- **Task data**
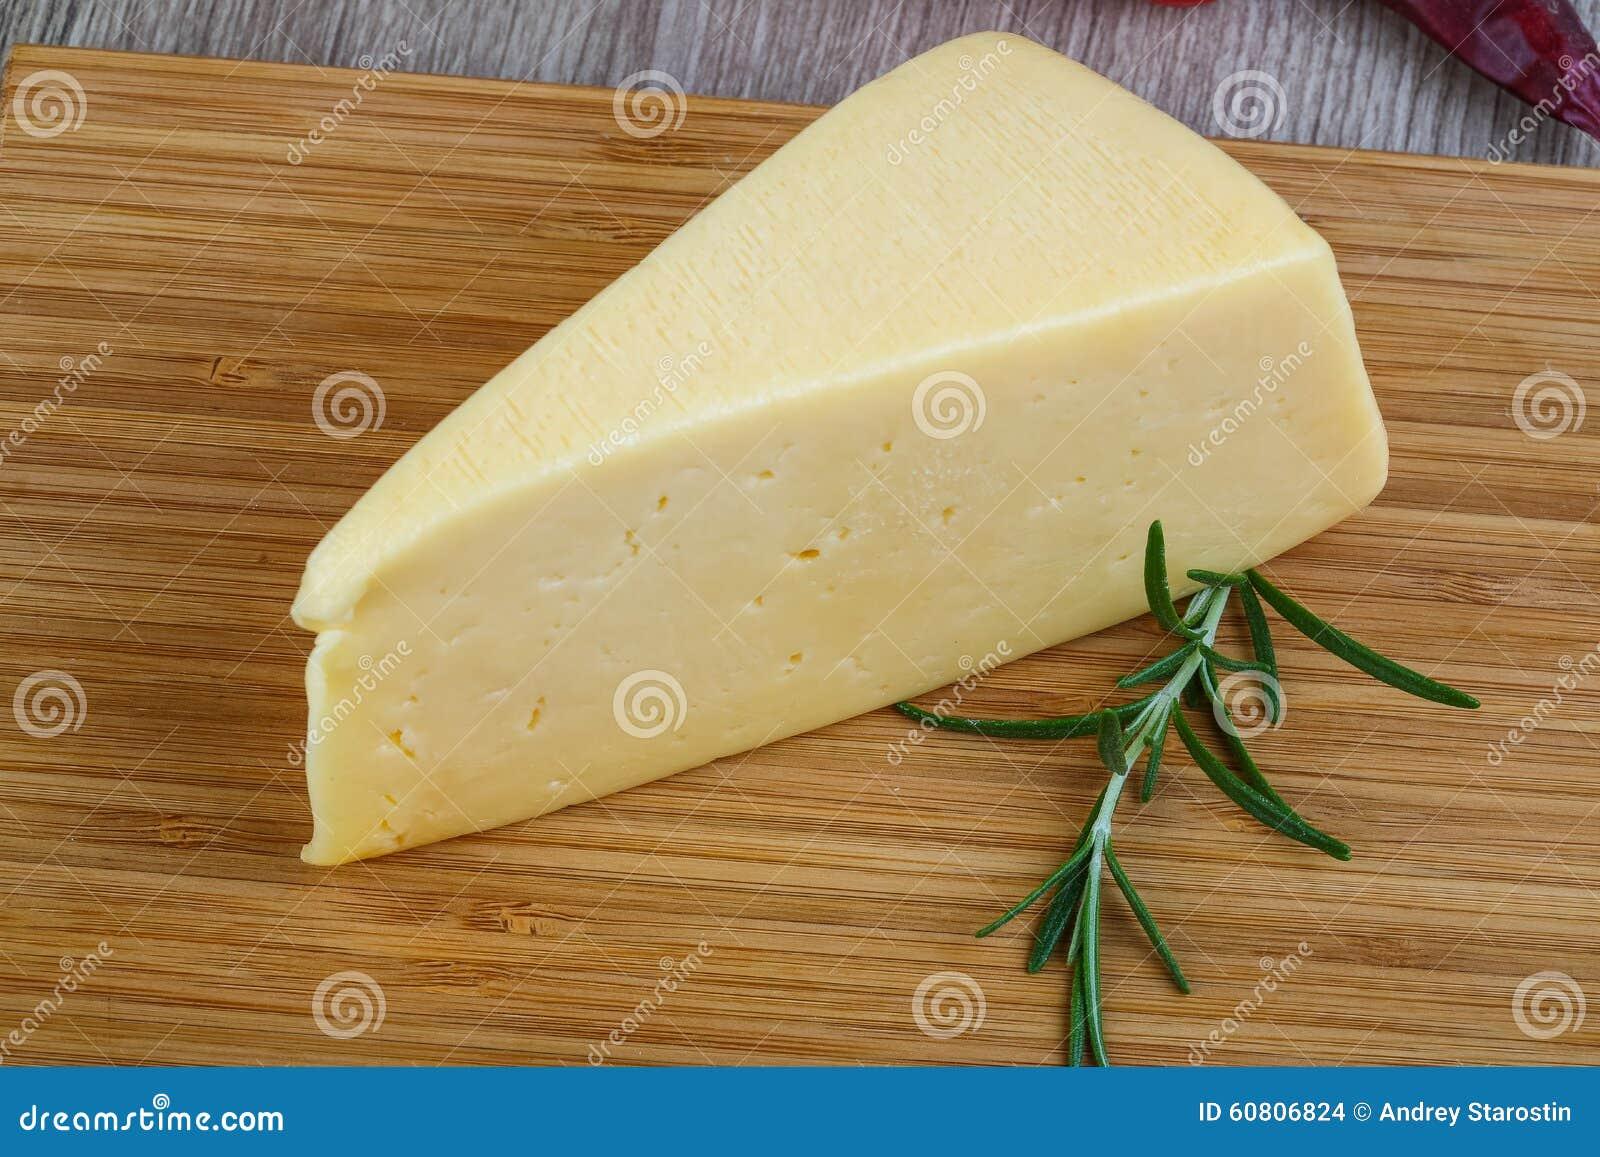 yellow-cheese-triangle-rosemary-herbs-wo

* * *

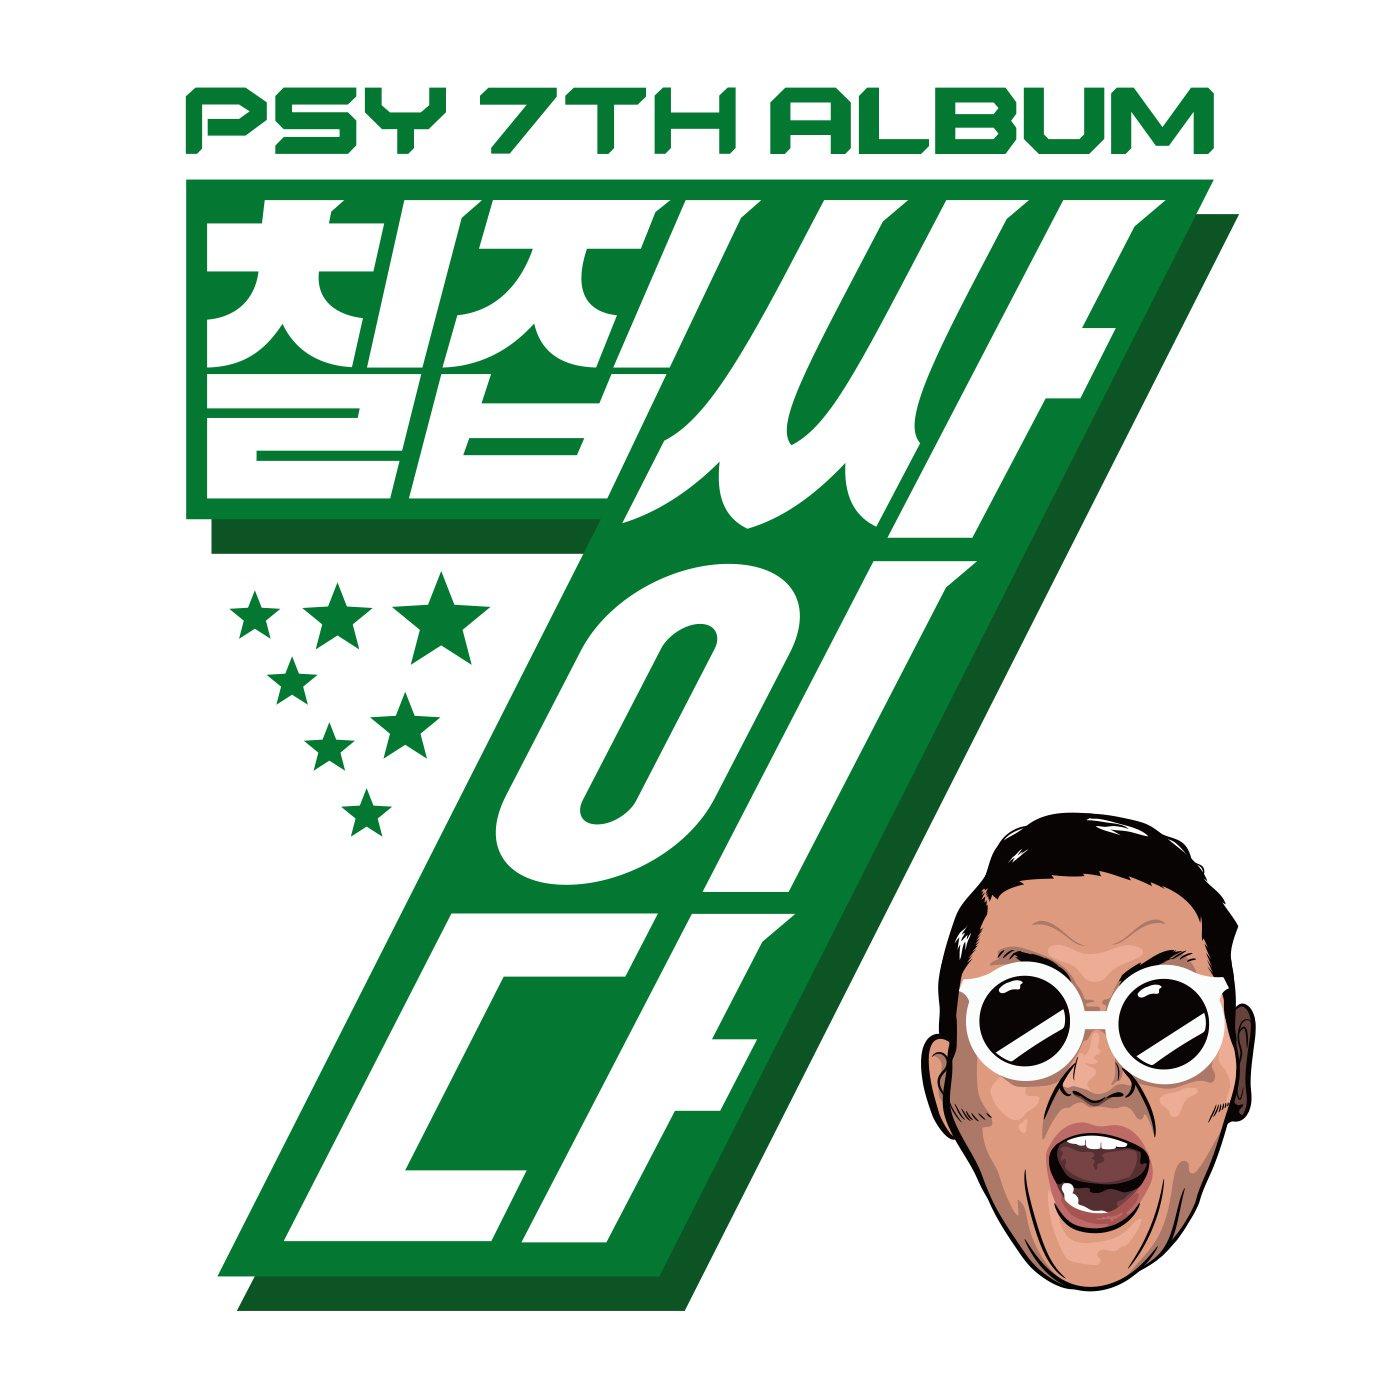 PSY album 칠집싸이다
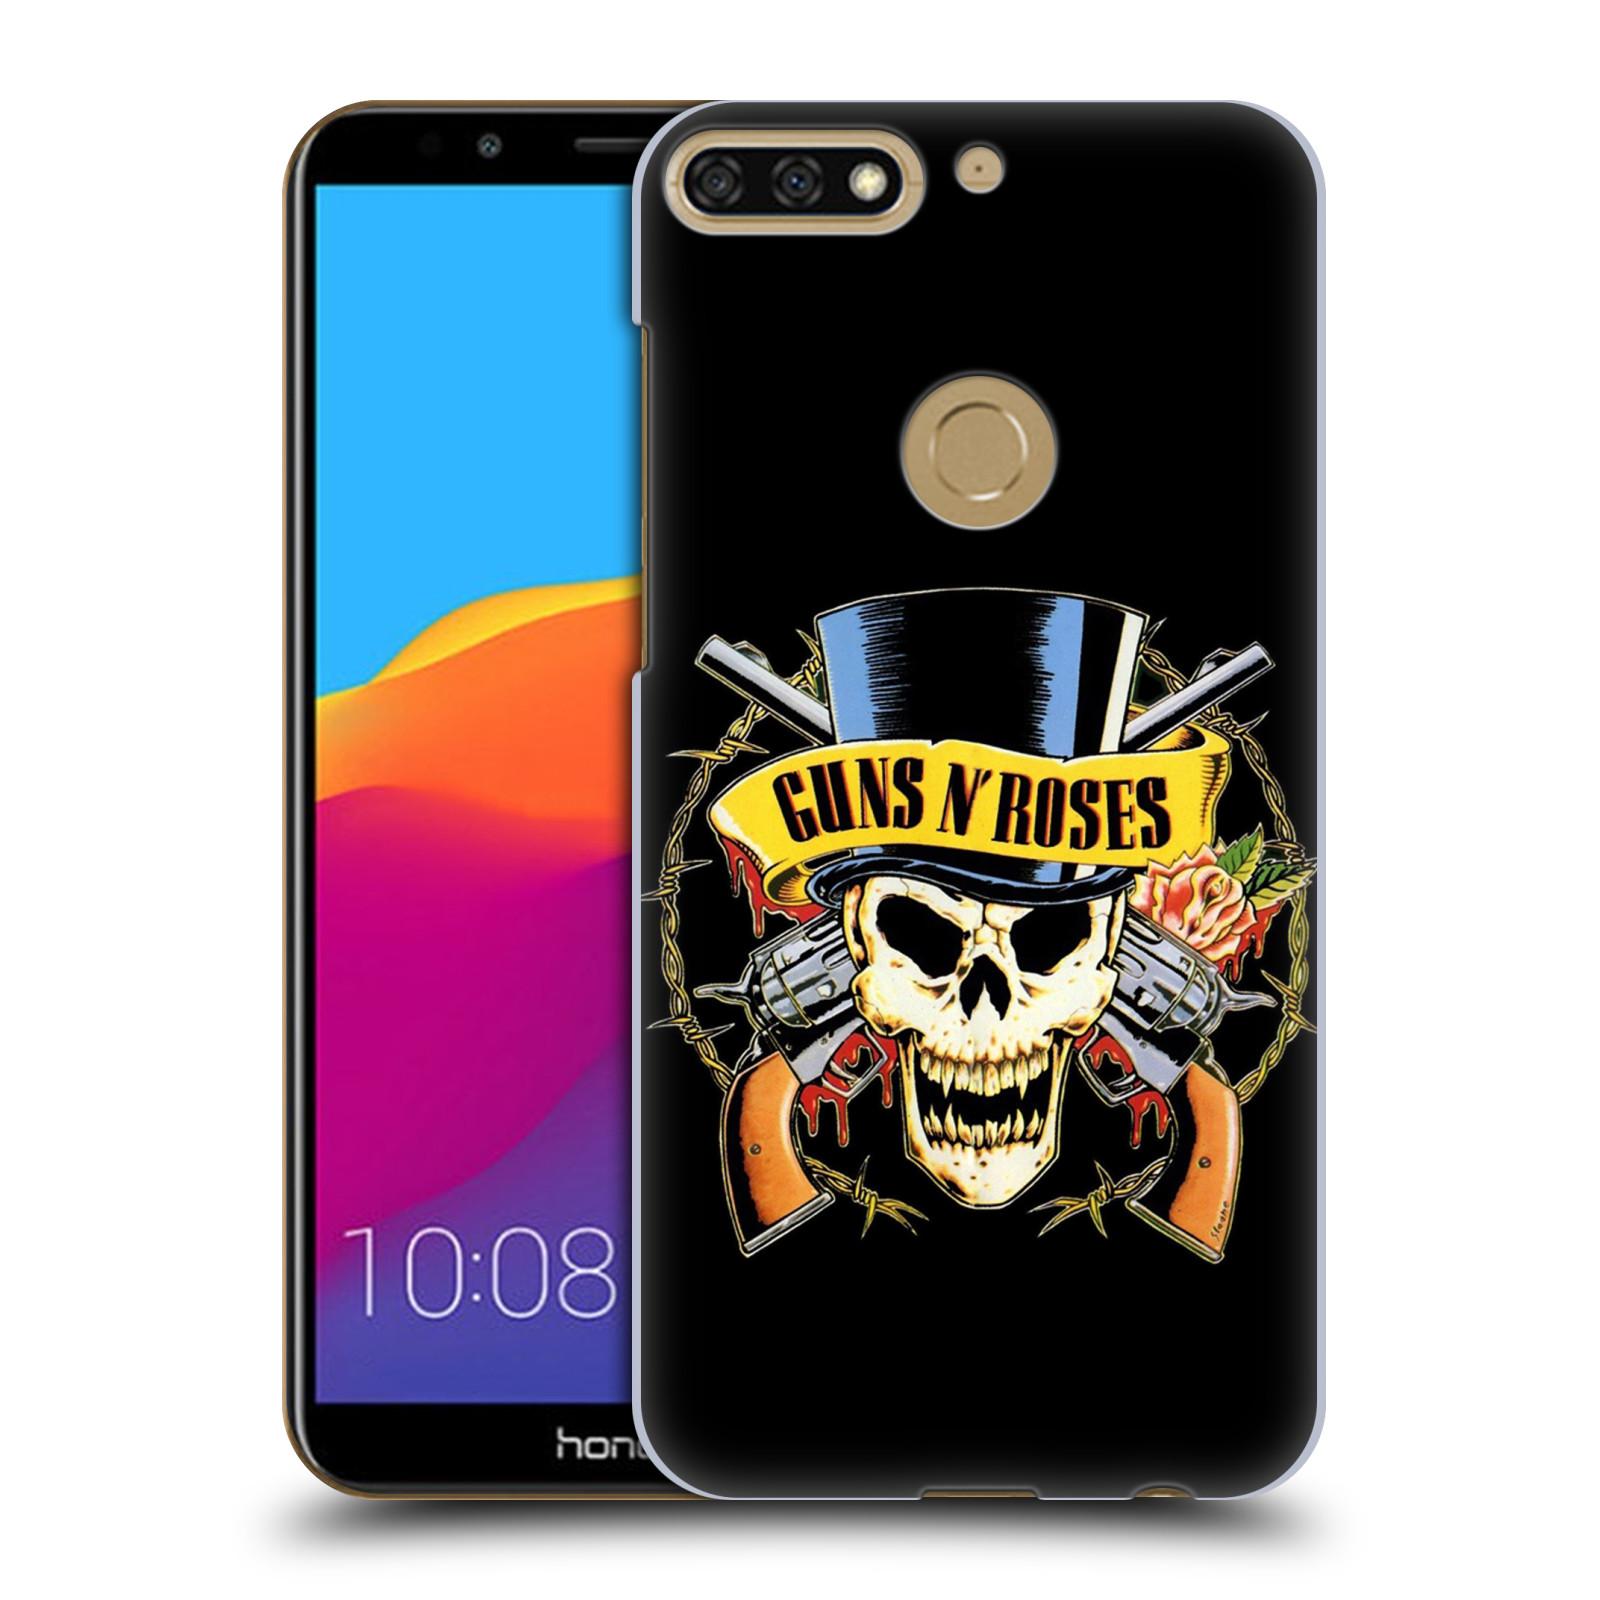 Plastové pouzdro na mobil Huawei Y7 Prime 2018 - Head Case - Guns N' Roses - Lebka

- **Work required**
Leaving out the pictures, please output the lines in the entries above from the one with "PSY album 칠집싸이다" through the one with "Plastové pouzdro na", exactly as they are.

- **Completed exercise**
 PSY album 칠집싸이다
 Plastové pouzdro na mobil Huawei Y7 Prime 2018 - Head Case - Guns N' Roses - Lebka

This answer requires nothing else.